A function is a first class object that returns a value based on the arguments passed to it. In the above example, it takes a string as an argument and returns the uppercase representation of the given string.

Defining a nested function:

>>> def foo(mixed_case):
...     def bar():
...         print(mixed_case, " => ", upper_case)
...         upper_case = mixed_case.upper()
...     bar()
...     return upper_case
...
>>>
>>> foo("Subscribe to feeds http://feeds.feedburner.com/thetaranights/NZru")
Subscribe to feeds http://feeds.feedburner.com/thetaranights/NZru  =>  SUBSCRIBE TO FEEDS HTTP://FEEDS.FEEDBURNER.COM/THETARANIGHTS/NZRU
'SUBSCRIBE TO FEEDS HTTP://FEEDS.FEEDBURNER.COM/THETARANIGHTS/NZRU'
>>>

The bar() function’s scope is only within the foo() function and hence when you call the bar() function from outside of the foo() function, you get NameError exception which makes sense.

>>> bar()
Traceback (most recent call last):
  File "", line 1, in 
NameError: name 'bar' is not defined
>>>

Decorators

>>> def foo(arbitrary_function):
...     print("Going to a bar.")
...     arbitrary_function()
...     print("Returning from a bar.")
...
>>>

That’s a decorator which extends the functionality of the arbitrary_function() by performing some actions before and after calling the function.

Using the decorator:

>>># First we define an arbitrary function named bar()
>>> def bar():
...     print("Drinking some beer.")
...
>>>
>>> bar
<function bar at 0x7fed7efdd1b8>
>>>
>>> foo(bar)
Going to a bar.
Drinking some beer.
Returning from a bar.
>>>

First we created an arbitrary function named bar() and we verify that it is infact a function and pass it as an argument to the foo() function which is a decorator.

Another example of a decorator

>>> def foo(arbitrary_function):
...     def wrapper():
...         print("Going to a bar.")
...         arbitrary_function()
...         print("Returning from a bar.")
...     return wrapper
...
>>>
>>> foo(bar)
Going to a bar.
Drinking some beer.
Returning from a bar.
>>>

Generally decorators have nested functions within them which performs some operations and calls the functions that was passed as an argument followed by cleaning up operations.

Syntactic Sugar for decorators

Syntactic sugar in a programming language is a syntax that is designed to make things easy to read and express. As such, @ symbol can be used for simplifying calls to a decorator for a function.
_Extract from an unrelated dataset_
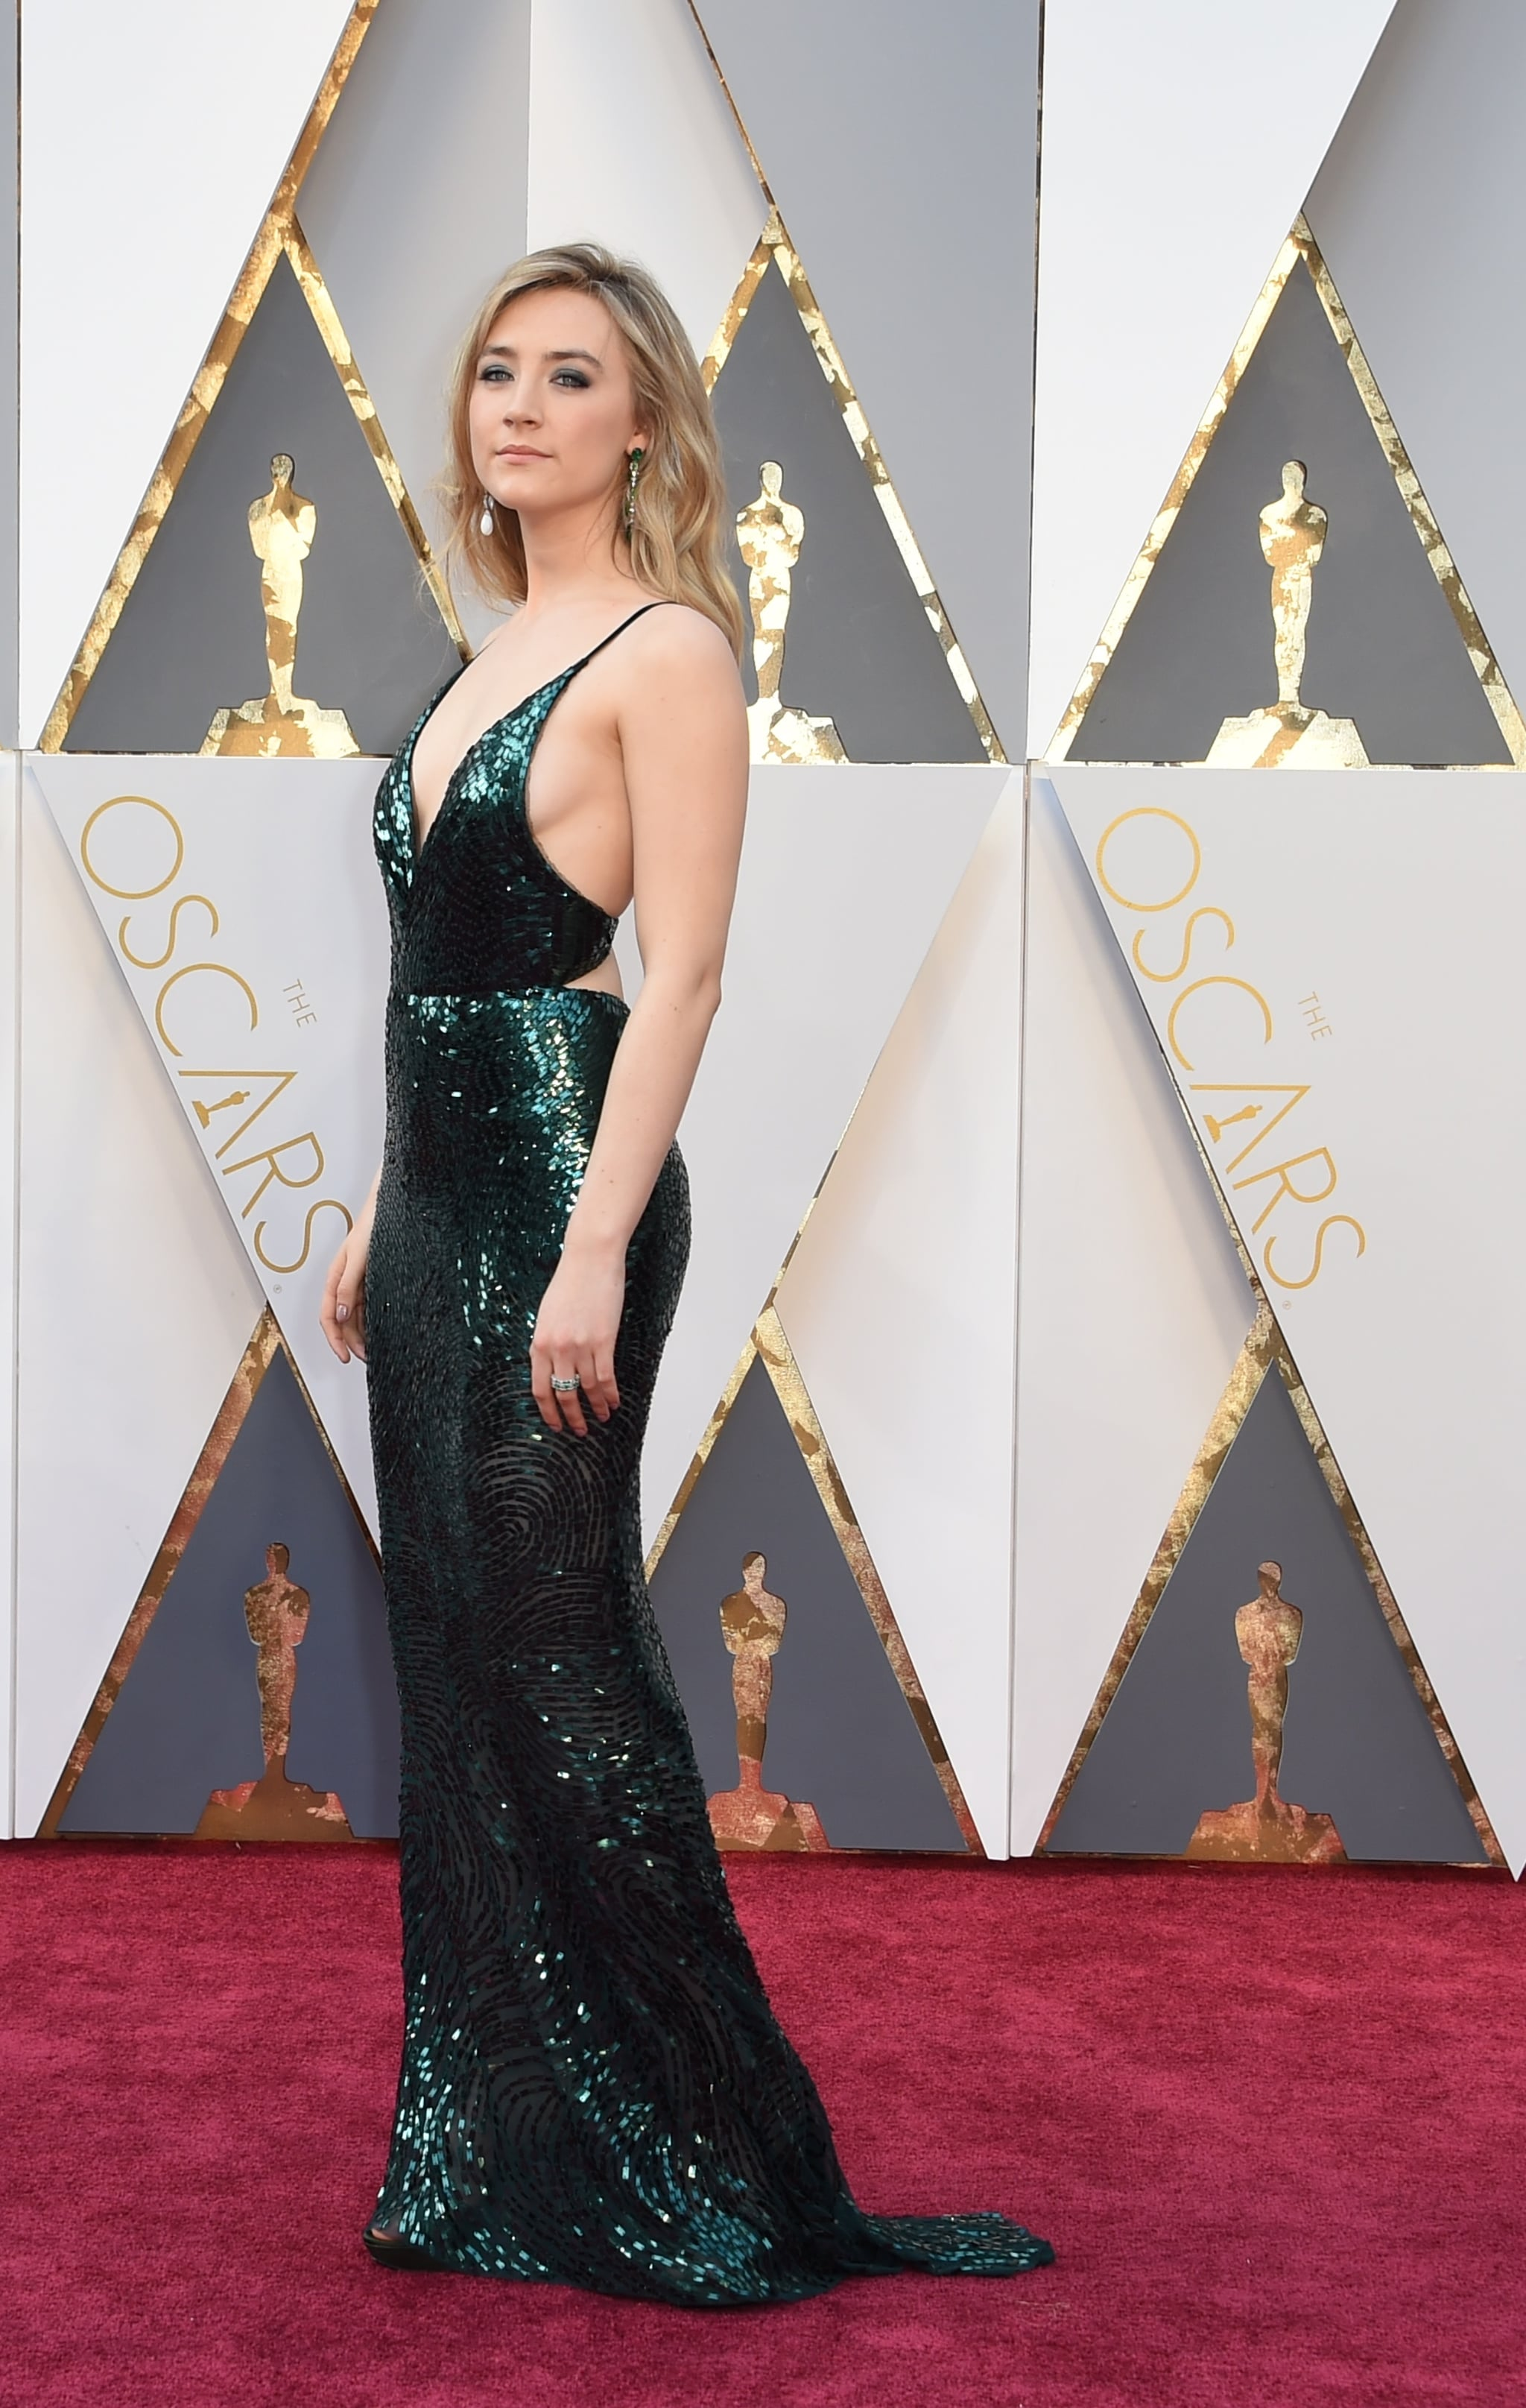 Scarlett Johansson Is Fashionably Late but Still Looks
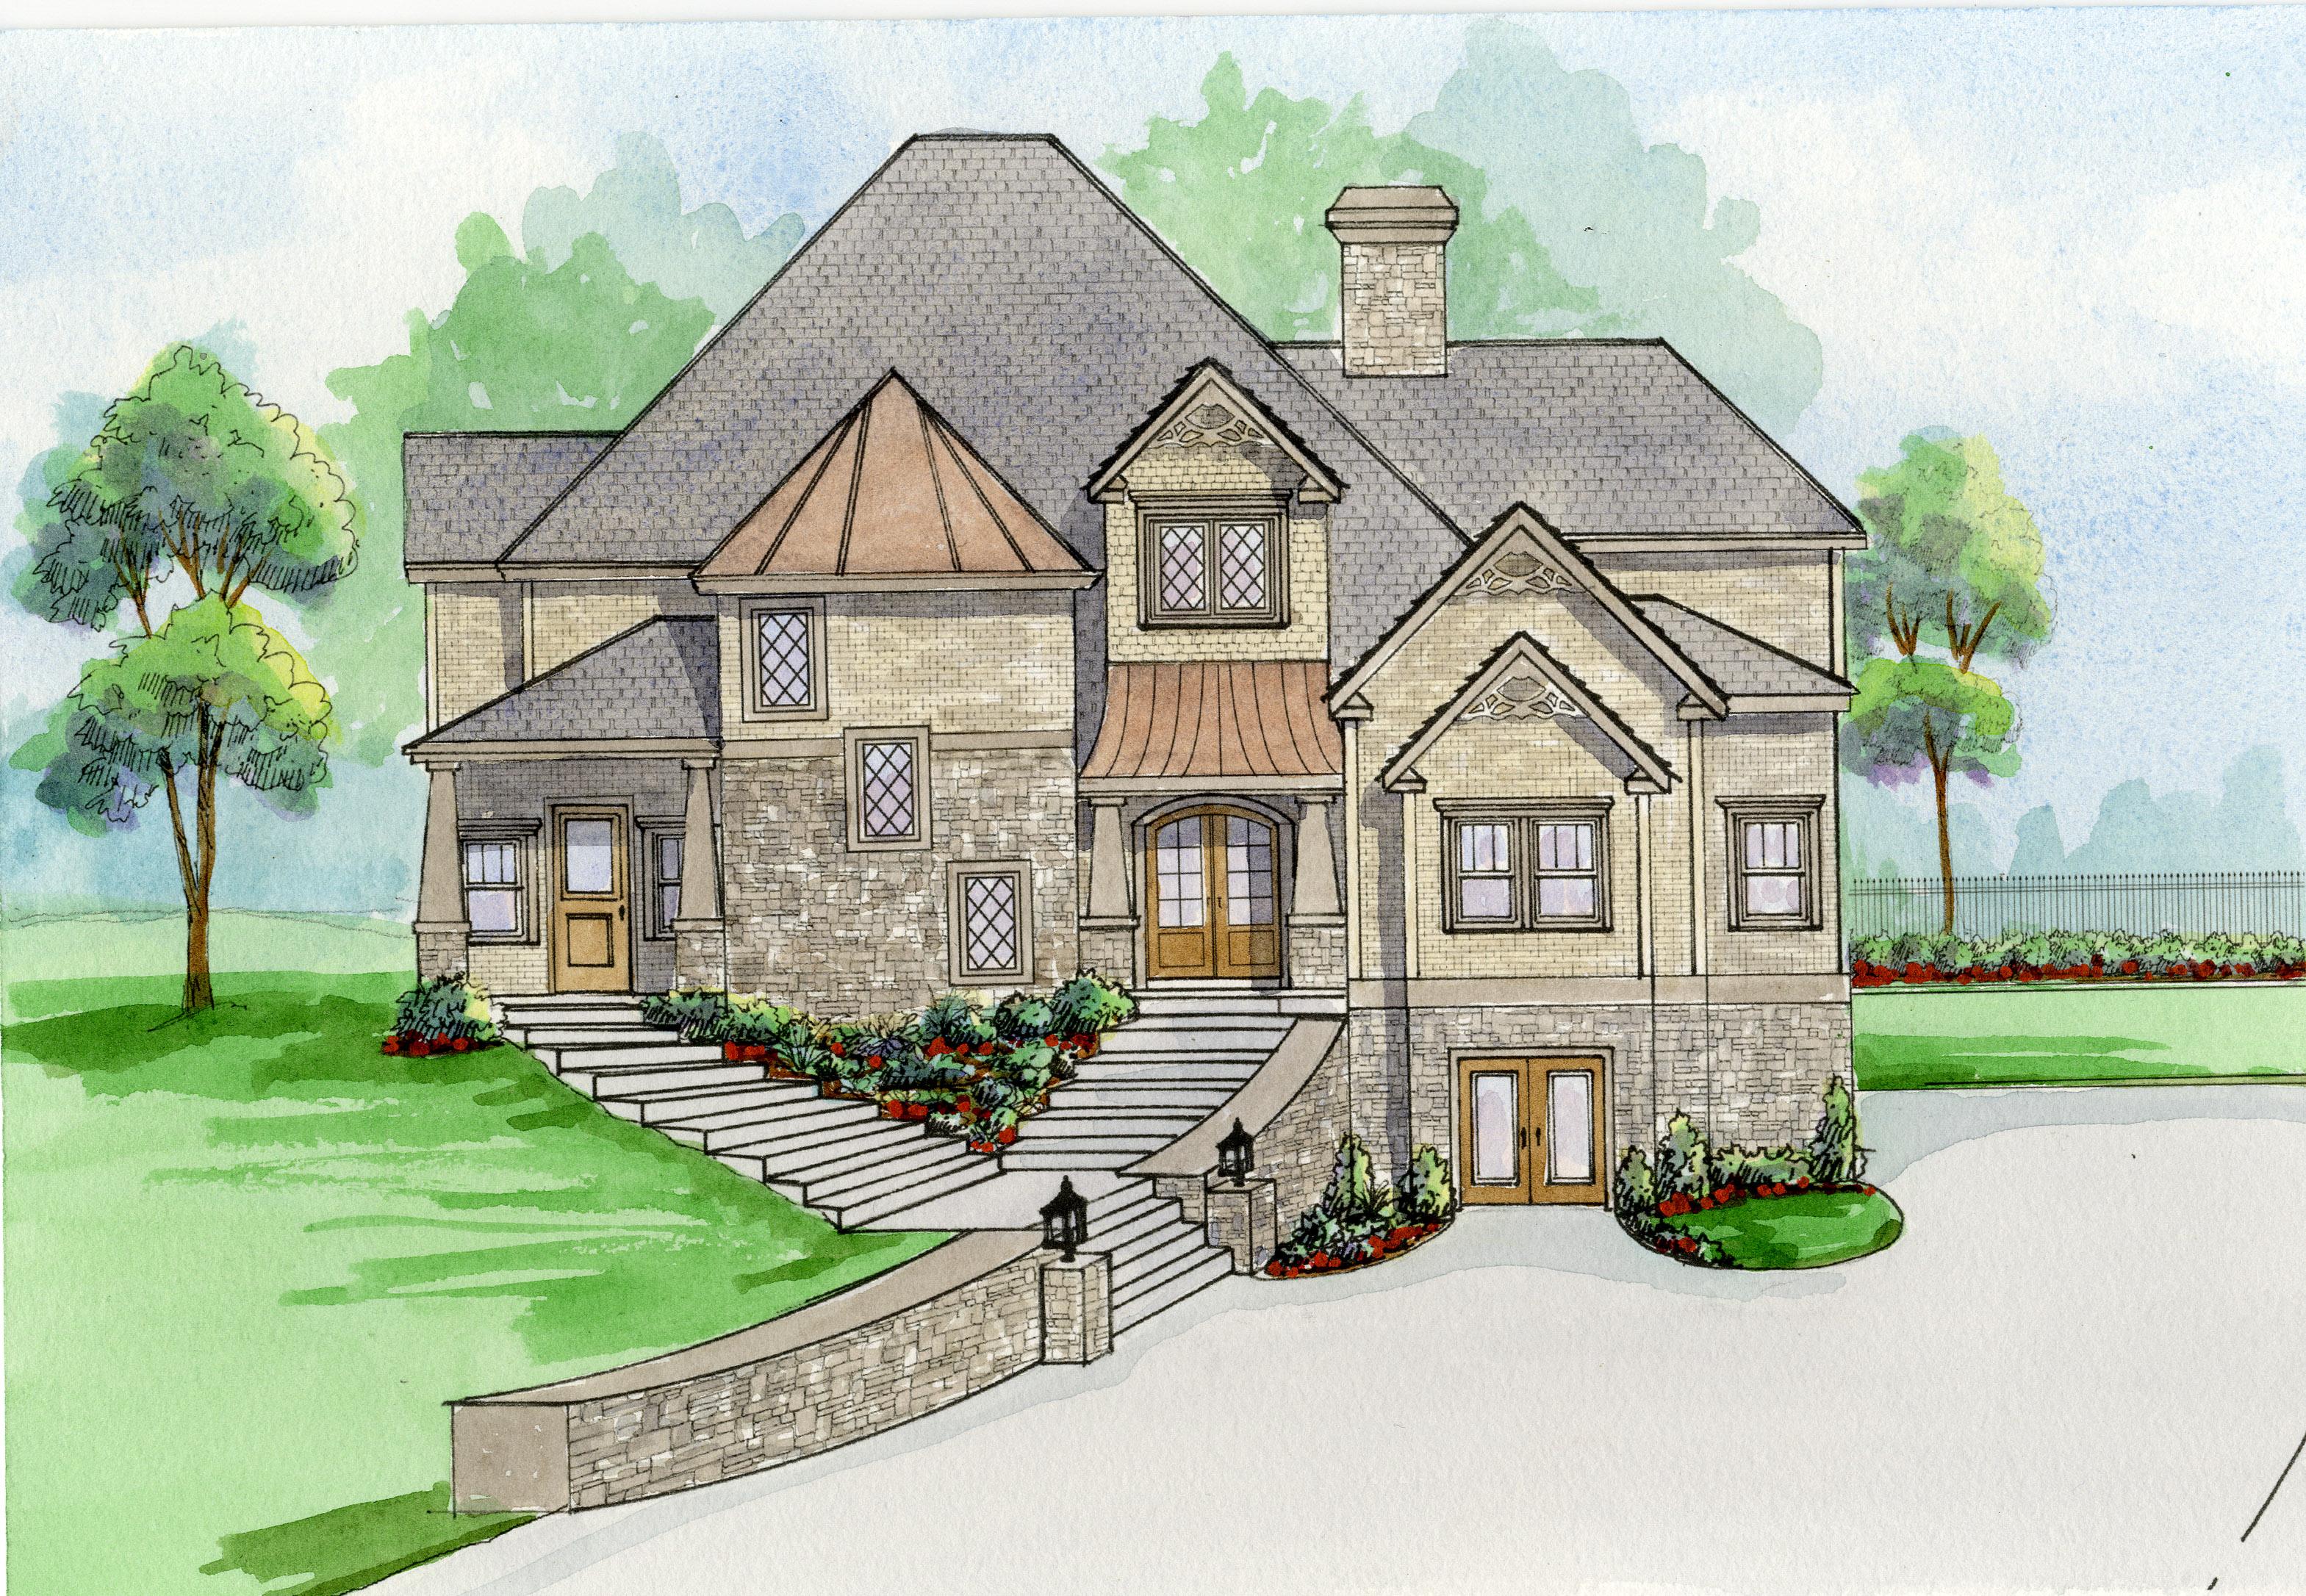 Single Family Home for Sale at New Construction In Buckhead 3037 Towerview Drive NE Buckhead, Atlanta, Georgia 30324 United States

>>> def foo(arbitrary_function):
...     def wrapper():
...         print("Going to a bar.")
...         arbitrary_function()
...         print("Returning from a bar.")
...     return wrapper
...
>>>
>>> @foo
... def bar():
...     print("Drinking some beer.")
...
>>>
>>> bar()
Going to a bar.
Drinking some beer.
Returning from a bar.
>>>

All you have to do is write this directive @decorator_function on top of the function definition to be passed to the decorator. Note that you can also assign multiple decorators to a function, each decorator in a line.

 

When you need to pass arguments to a function that you intent to use decorator on, you have to explicitly add *args and **kwargs to the wrapper function of the decorator, else it will get lost. The arguments will then be passed to the function call from within the body of the wrapper function.

 

>>> def foo(arbitrary_function):
...     def wrapper(*args, **kwargs):
...         print("Going to a bar.")
...         arbitrary_function(*args, **kwargs)
...         print("Returning from a bar.")
...     return wrapper
...
>>>
>>> @foo
... def bar(drink_type):
...     print("Drinking some " + drink_type)
...
>>>
>>> bar("vodka")
Going to a bar.
Drinking some vodka
Returning from a bar.
>>> bar("beer")
Going to a bar.
Drinking some beer
Returning from a bar.
>>>
An example of a decorator when you need to track the execution time of a function call.
>>> def func_timer(arbitrary_function):
...     def wrapper(*args, **kwargs):
...         t = time.time()
...         arbitrary_function(*args, **kwargs)
...         t2 = time.time()
...         return "Total time for execution => " + str(t2 -t)
...     return wrapper
...
>>>
>>> @func_timer
... def bar(drink_type, bottles=1):
...     for i in range(bottles):
...         print("Drinking " + drink_type + " Bottle number: " + str(i+1))
...
>>>
>>> bar("beer", 10)
Drinking beer Bottle number: 1
Drinking beer Bottle number: 2
Drinking beer Bottle number: 3
Drinking beer Bottle number: 4
Drinking beer Bottle number: 5
Drinking beer Bottle number: 6
Drinking beer Bottle number: 7
Drinking beer Bottle number: 8
Drinking beer Bottle number: 9
Drinking beer Bottle number: 10
'Total time for execution => 0.000279188156128'
>>>
>>> bar("vodka")
Drinking vodka Bottle number: 1
'Total time for execution => 6.29425048828e-05'
>>>

The above decorator is used to time the execution of a function call. This sums us my little introduction to decorators.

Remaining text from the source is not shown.